Now, how do I write code which calculates the Max, Min, and Mean for all students EXCEPT a student which has 2 missing quizzes. In this example, that is student 007.

 

Thanks for your help!

 

 

 


Accepted Solutions
Solution
‎09-11-2017 08:03 PM
Trusted Advisor
Posts: 1,288

Re: N (not missing) for Q1-Q5. How to calculate Not missing two or more quizzes for each given stud

Posted in reply to ManitobaMoose

Instead of runing the same IF test 4 times, run it once.  If the test is successful (NMISS>=2) then do the 4 calculations inside a "do group":

 

    if nmiss(of Q1-Q5)  ge 2 then do;
      Maxscore = Max(of Q1-Q5) ;
      SecondHiScore = Max(Q1-Q5, 2) ;
      Minscore = Min(of Q1-Q5) ;
      QuesAve = Mean(of Q1-Q5) ; 
    end;

 

But your second stat   "SecondHiScore=max(q1-a5,2)" is meaningless.  It just adds the value 2 to your list of values for X1 through X5  Take a look at the documentation on the ORDINAL function.

View solution in original post


All Replies
Frequent Contributor
Posts: 121

Re: N (not missing) for Q1-Q5. How to calculate Not missing two or more quizzes for each given stud

Posted in reply to ManitobaMoose

Sorry.
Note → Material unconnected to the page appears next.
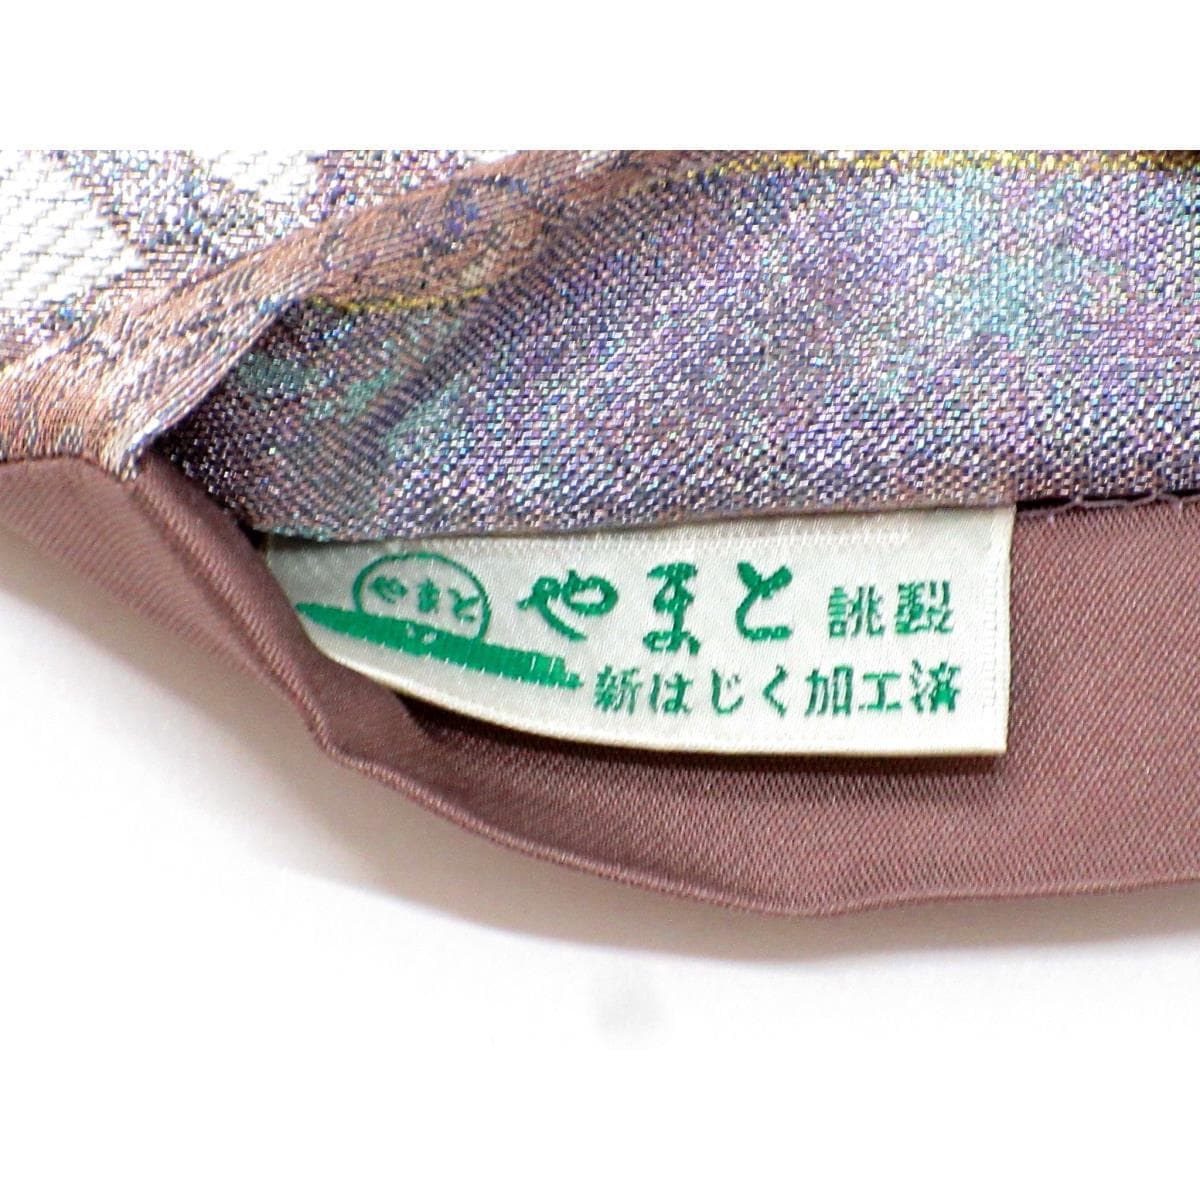 [Unused items] Bag belt

I meant to say, "As you can see. there are 3 missing quizzes". (not 7).

Super User
Posts: 13,083

Re: N (not missing) for Q1-Q5. How to calculate Not missing two or more quizzes for each given stud

Posted in reply to ManitobaMoose

Perhaps you want to use NMISS, the number of missing to exclude.

I was very curious about about why you used n(of Q1-Q5) lt 7. Since there are only 5 variables the number of nonmissing values is always less than 7.

 

Provide your exact rule for when not to calculate some statistic. One example doesn't provide a rule. Do you require 3 , 4 or 5 values to calculate a valid mean? What value to you want if the mean isn't valid? Missing or some other code value?

 

You may also be interested in the Largest function.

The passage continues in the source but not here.